__DATASET EXTRACT__

-*-

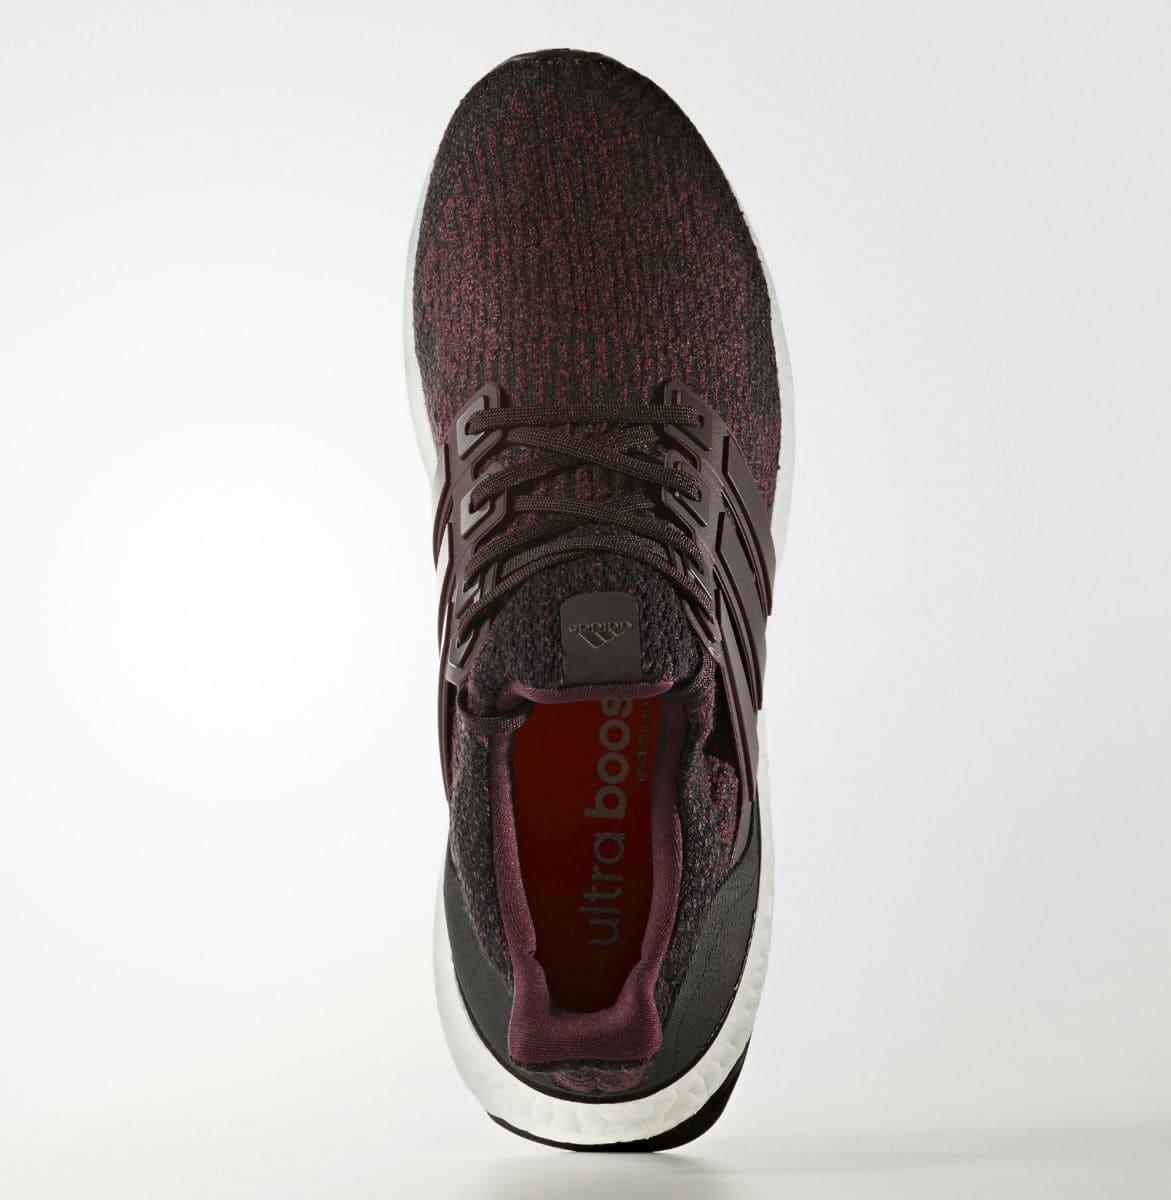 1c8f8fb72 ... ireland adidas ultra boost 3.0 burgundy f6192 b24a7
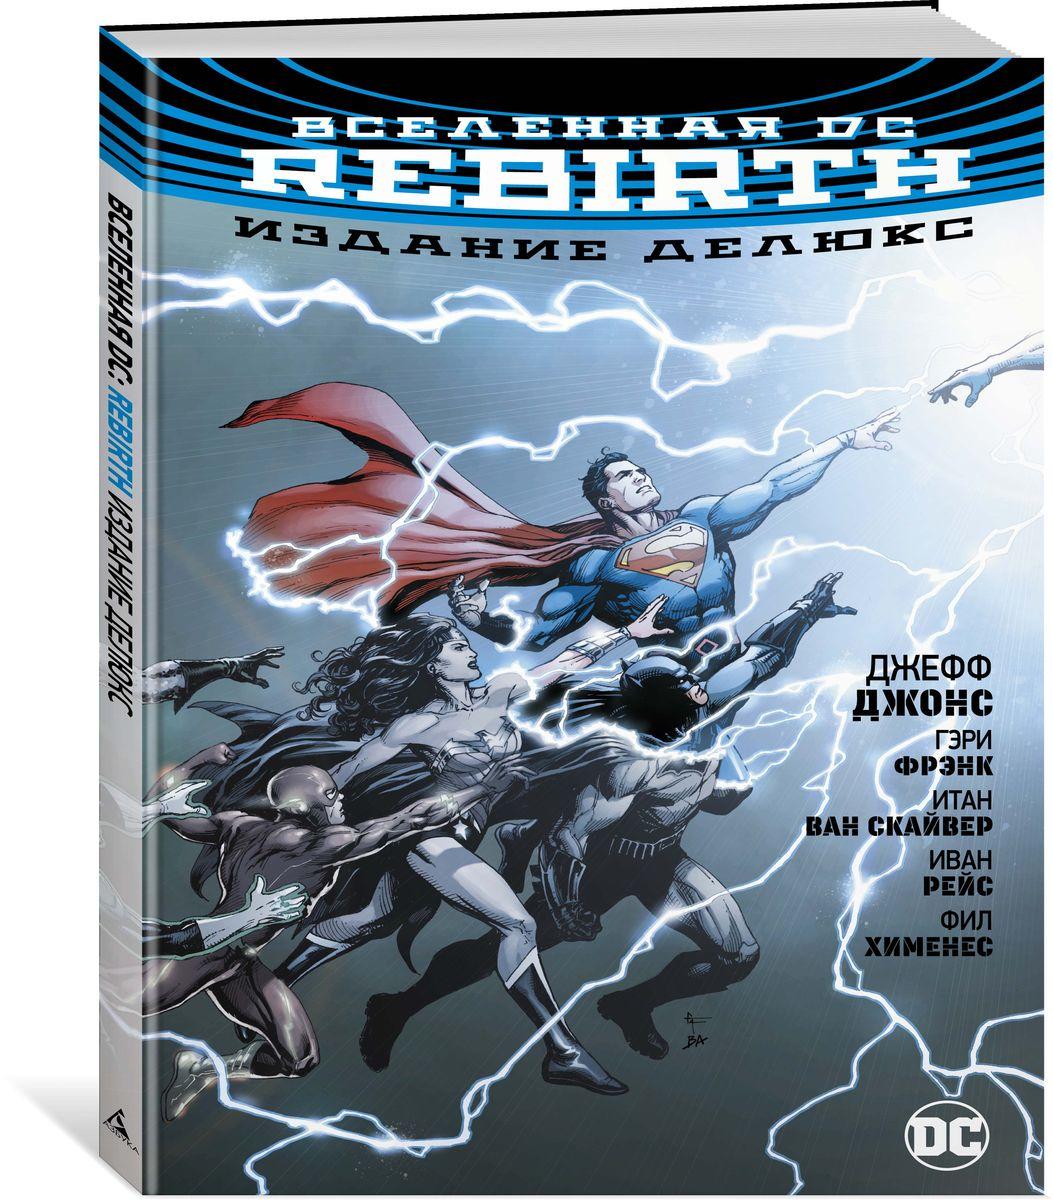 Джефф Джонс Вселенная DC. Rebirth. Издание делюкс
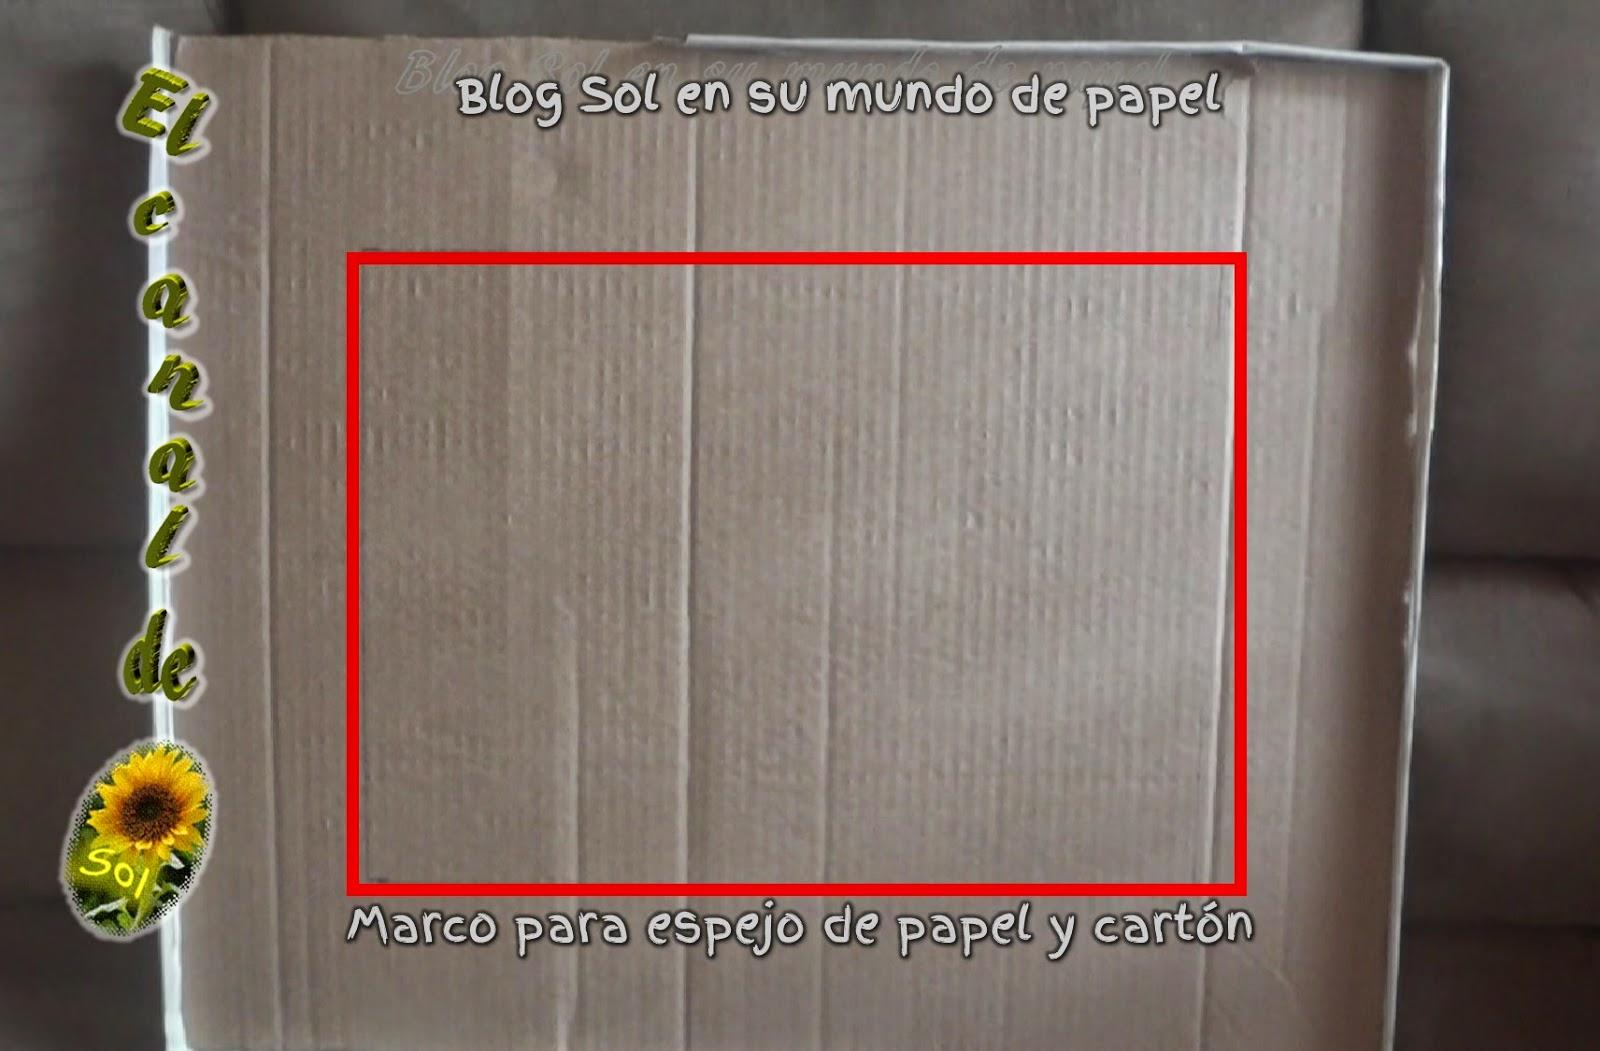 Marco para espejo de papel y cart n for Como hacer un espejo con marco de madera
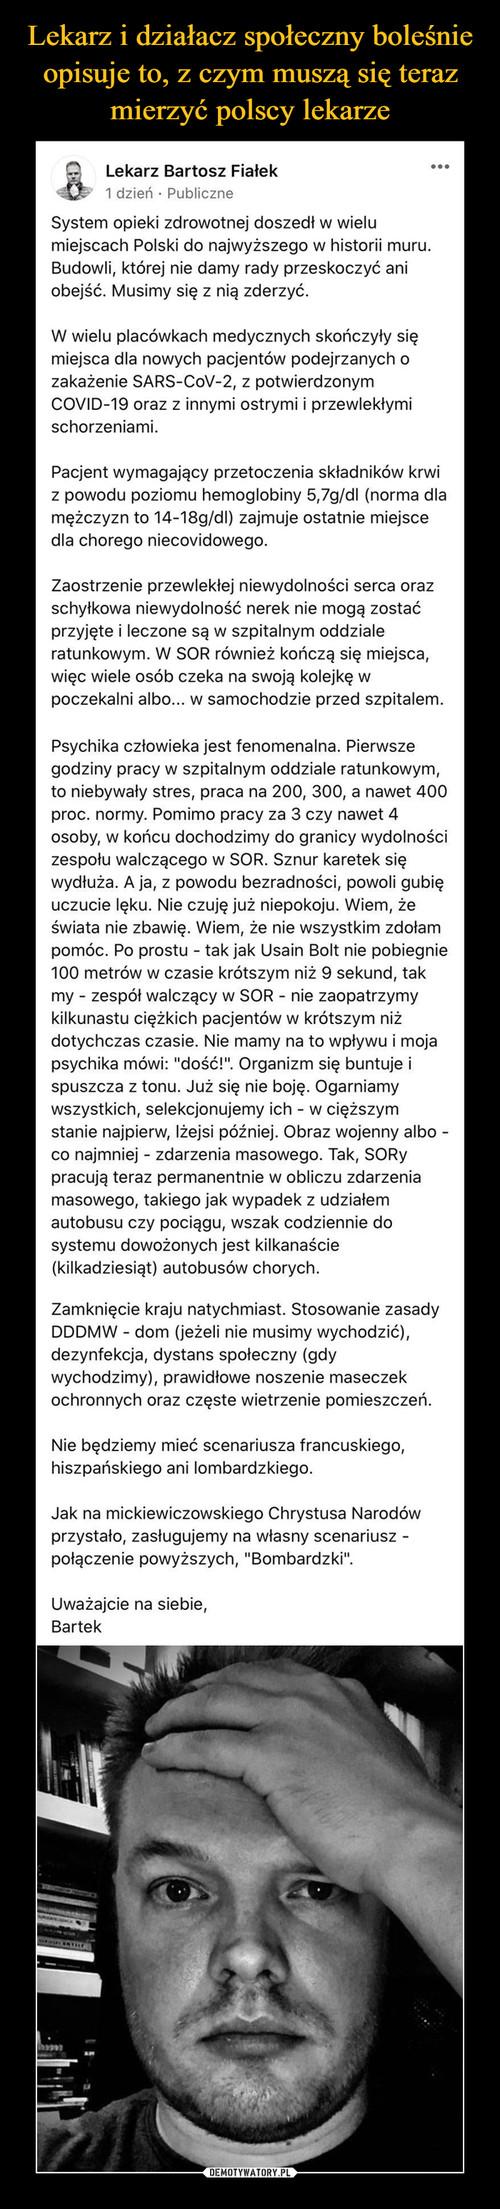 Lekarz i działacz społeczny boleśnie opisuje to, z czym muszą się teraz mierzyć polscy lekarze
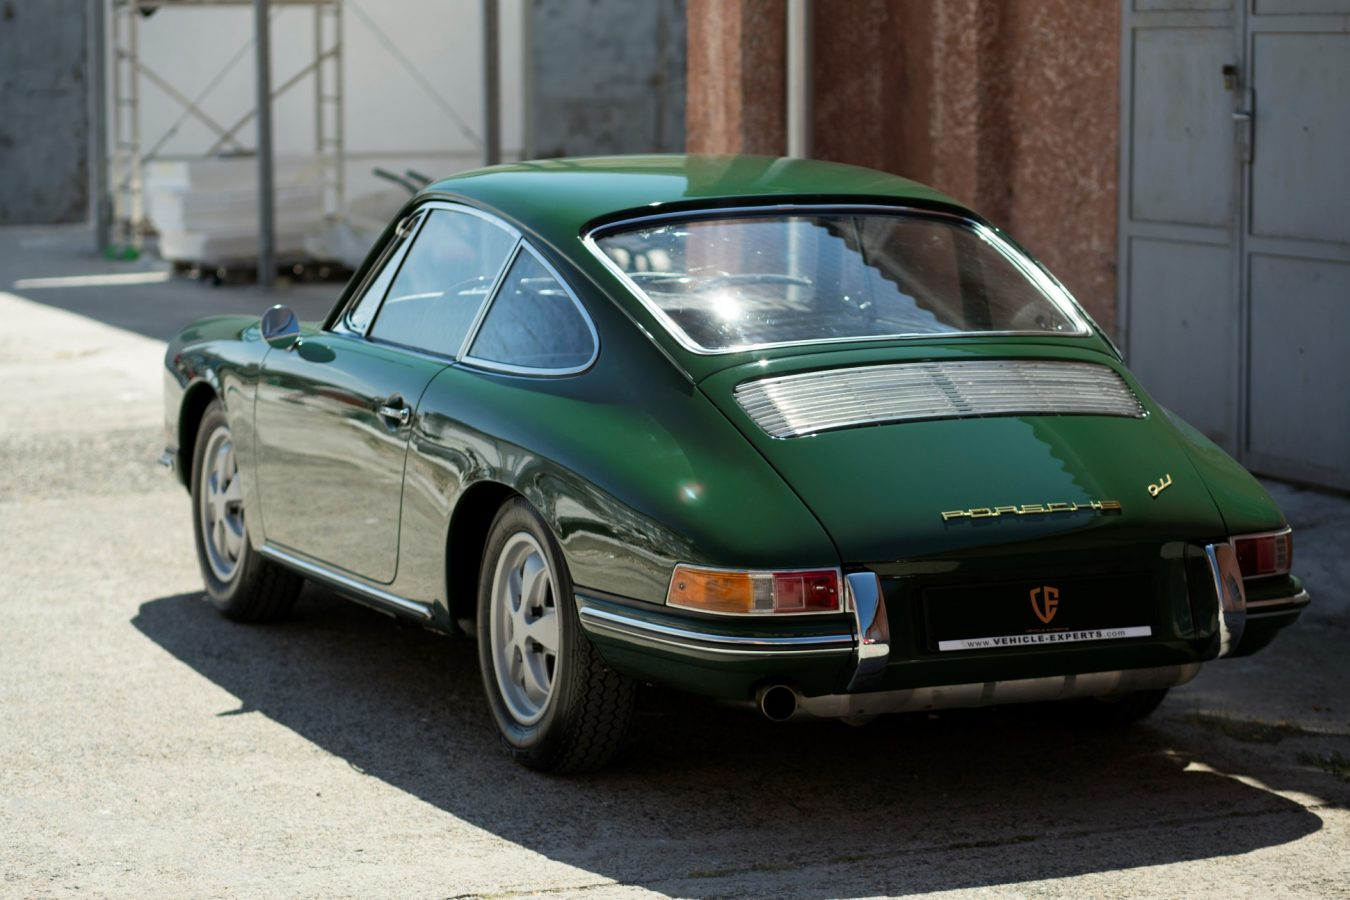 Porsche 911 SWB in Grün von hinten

-*-

With the pictures set aside, write out the whole listing exactly.

 1c8f8fb72 ... ireland adidas ultra boost 3.0 burgundy f6192 b24a7
 Джефф Джонс Вселенная DC. Rebirth. Издание делюкс
 Marco para espejo de papel y cart n for Como hacer un espejo con marco de madera
 Lekarz i działacz społeczny boleśnie opisuje to, z czym muszą się teraz mierzyć polscy lekarze
 Porsche 911 SWB in Grün von hinten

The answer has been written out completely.